Ангелы заставили меня думать. Их вонь подействовала на дремлющий разум как толченая мята, откупорив зияющие пустоты, которые я понятия не имел, чем заполнить. Ангелы катались по земле, трава и хворост пристали к потным спинам. Казалось, ничто не заставит их прекратить схватку, или совокупление, или черт знает что: силы были равны, и размер примерно одинаков. Поросенок дедуша мирно пасся в нескольких шагах от меня. А сам дедуш отнюдь не мирно слонялся дома из угла в угол, переживая потерю дневной выручки. Я знал: прекрати эти твари возиться, расцепись они хоть на мгновение, обрати внимание на свидетеля их борьбы — и я уйду навсегда из простого мира холмов, ежедневного труда и земных забот. Однако разум взял вверх, и я не стал искушать судьбу, несмотря на сгущающиеся прямо под носом миражи новой жизни. Переборов себя, я ушел.

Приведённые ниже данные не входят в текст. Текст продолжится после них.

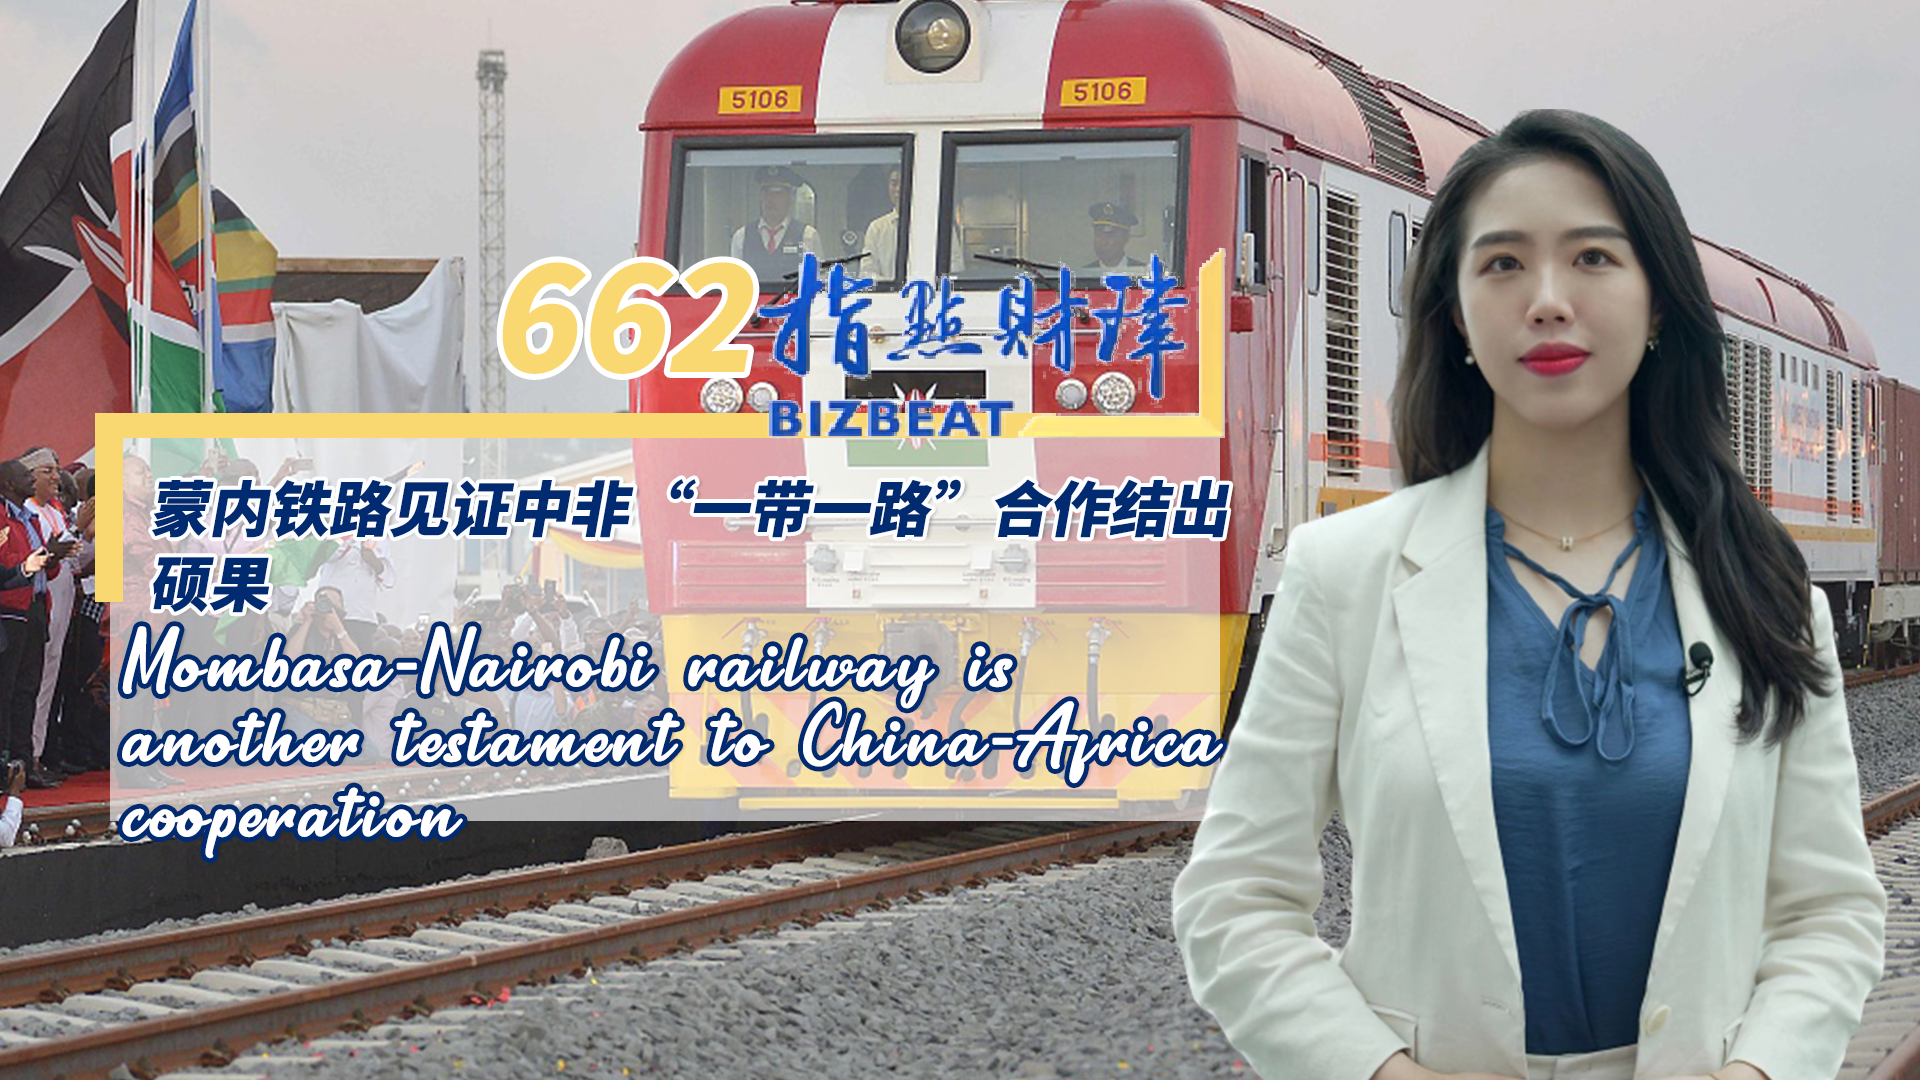 Mombasa-Nairobi railway is testament to China-Africa cooperation

Дедуш был слишком рад возвращению поросенка, чтобы заметить произошедшие во мне перемены. Он отрядил меня укреплять загон для скота, а сам стал над душой и покрикивал. Дедуш всегда умел запрячь в работу, этого не отнимешь. Сперва свалит на тебя вину, а потом заставит вкалывать, якобы в наказание.
Я так и не признался тогда, что видел ангелов. Да и потом ни разу не давал повода для подозрений.

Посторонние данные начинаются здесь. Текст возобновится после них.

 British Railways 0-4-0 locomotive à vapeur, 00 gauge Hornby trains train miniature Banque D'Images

Добраться до ущелья — дело нехитрое. Я в этих горах всю жизнь охотился, каждый камень знаю, могу в кромешной темноте дорогу найти. А уж с луной и подавно — вон как сияет, ярче солнца. Проходя мимо того места, где я подсматривал за ангелами, я чувствую в мыслях привычное напряжение: вдруг они до сих пор там? Борются, катаются в темноте, замешивая грязь на собственном поту?
Сегодня, однако, надо думать об ущелье. И о круге сыра. И о бабуш, конечно… Сделав над собой усилие, я миную роковое место.